Data for analysis Block Start
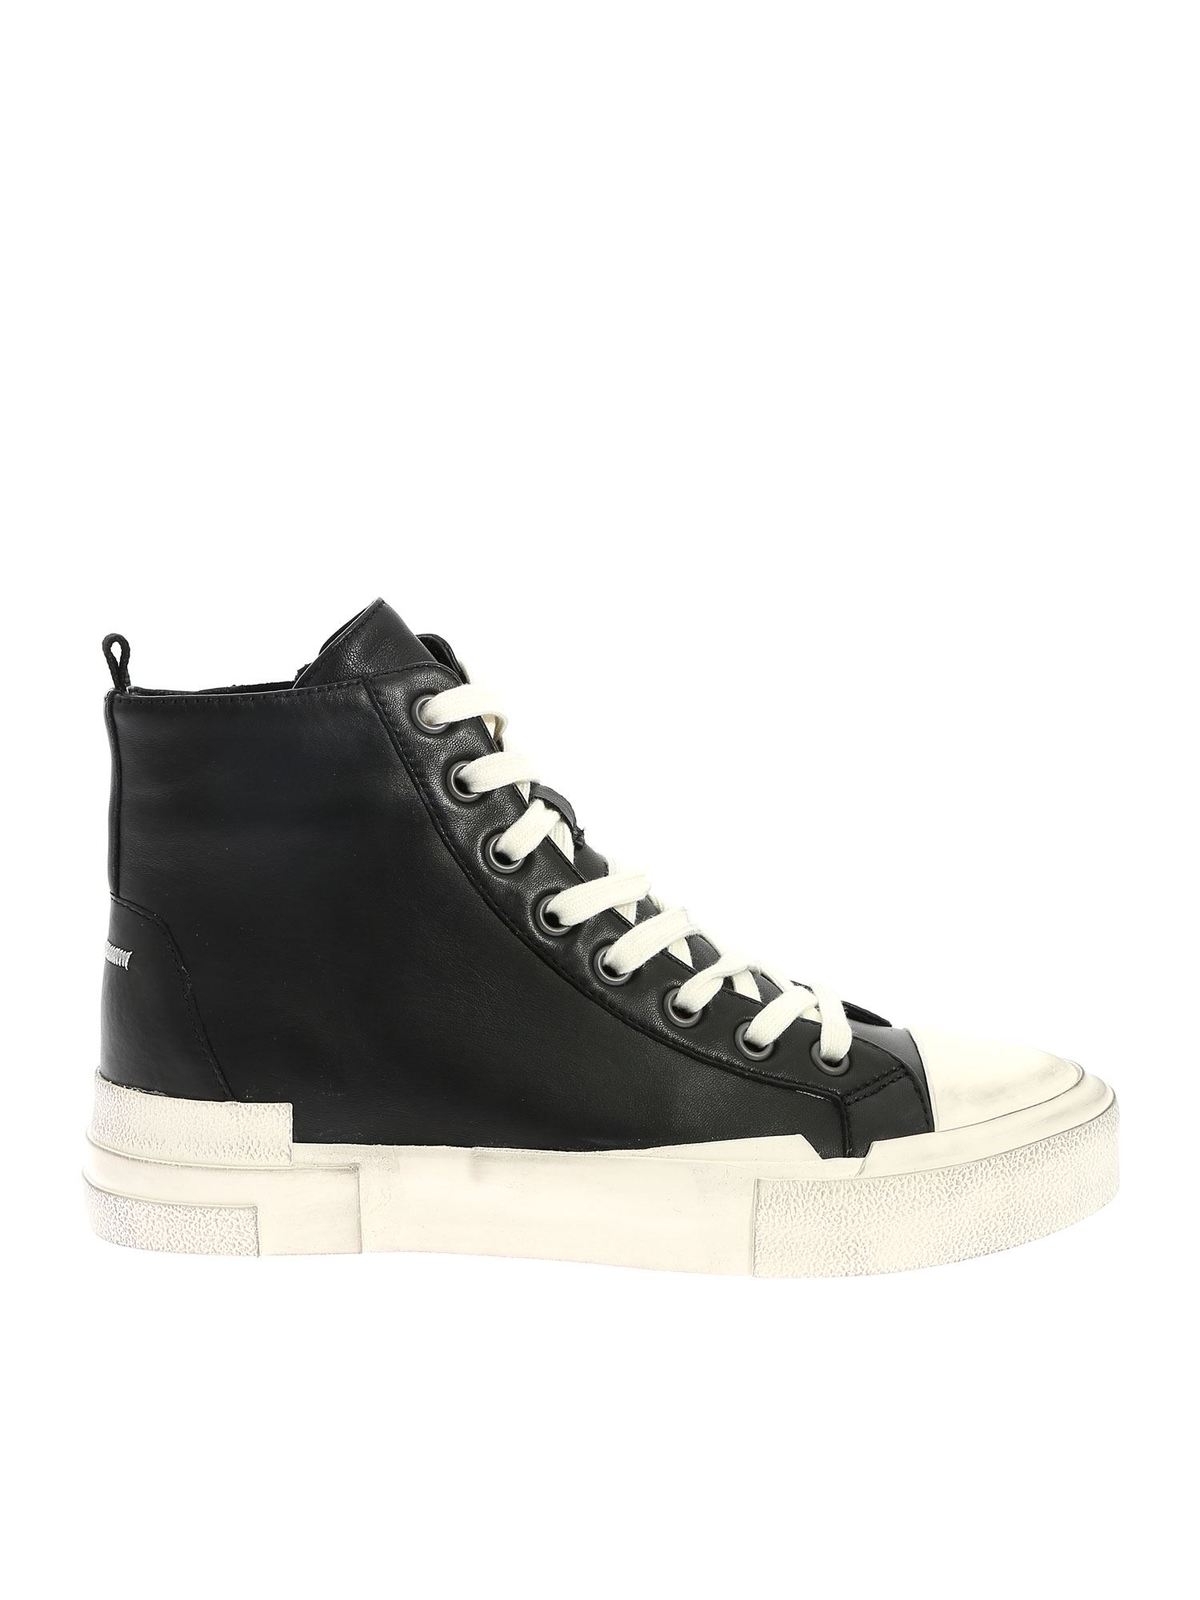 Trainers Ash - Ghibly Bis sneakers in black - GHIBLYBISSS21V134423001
Data for analysis Block End
Data for analysis Block Start
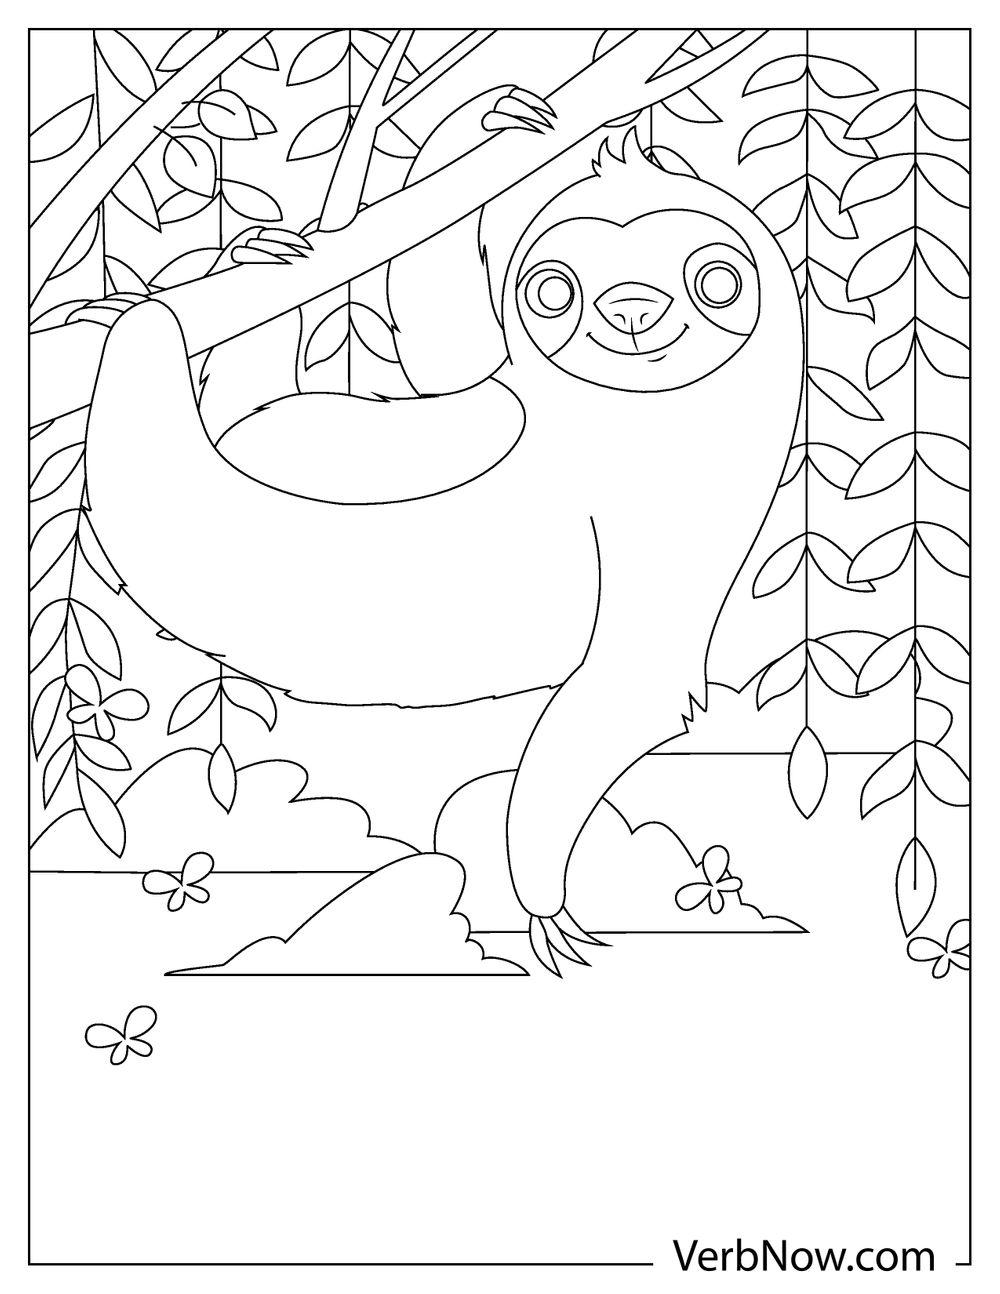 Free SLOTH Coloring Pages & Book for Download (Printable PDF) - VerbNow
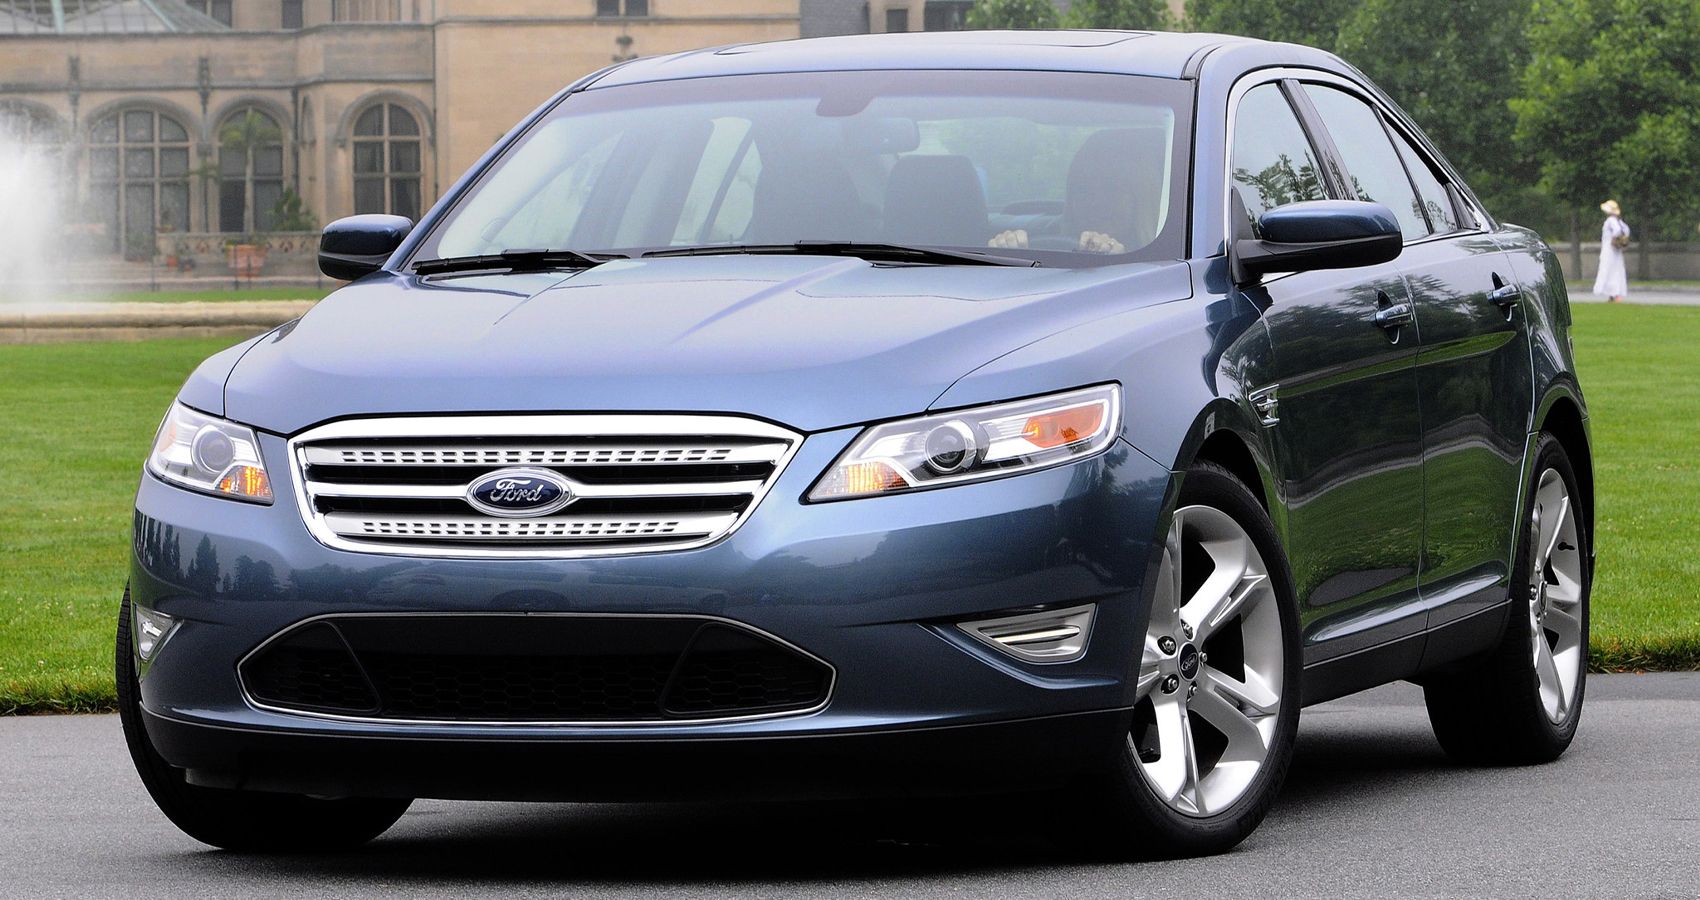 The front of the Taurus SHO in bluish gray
Data for analysis Block End
Exact copy, pictures excluded: from the line with "Free SLOTH Coloring" up to and including the line with "The front of the Taurus SHO in bluish gray" in the data above.

 Free SLOTH Coloring Pages & Book for Download (Printable PDF) - VerbNow
 The front of the Taurus SHO in bluish gray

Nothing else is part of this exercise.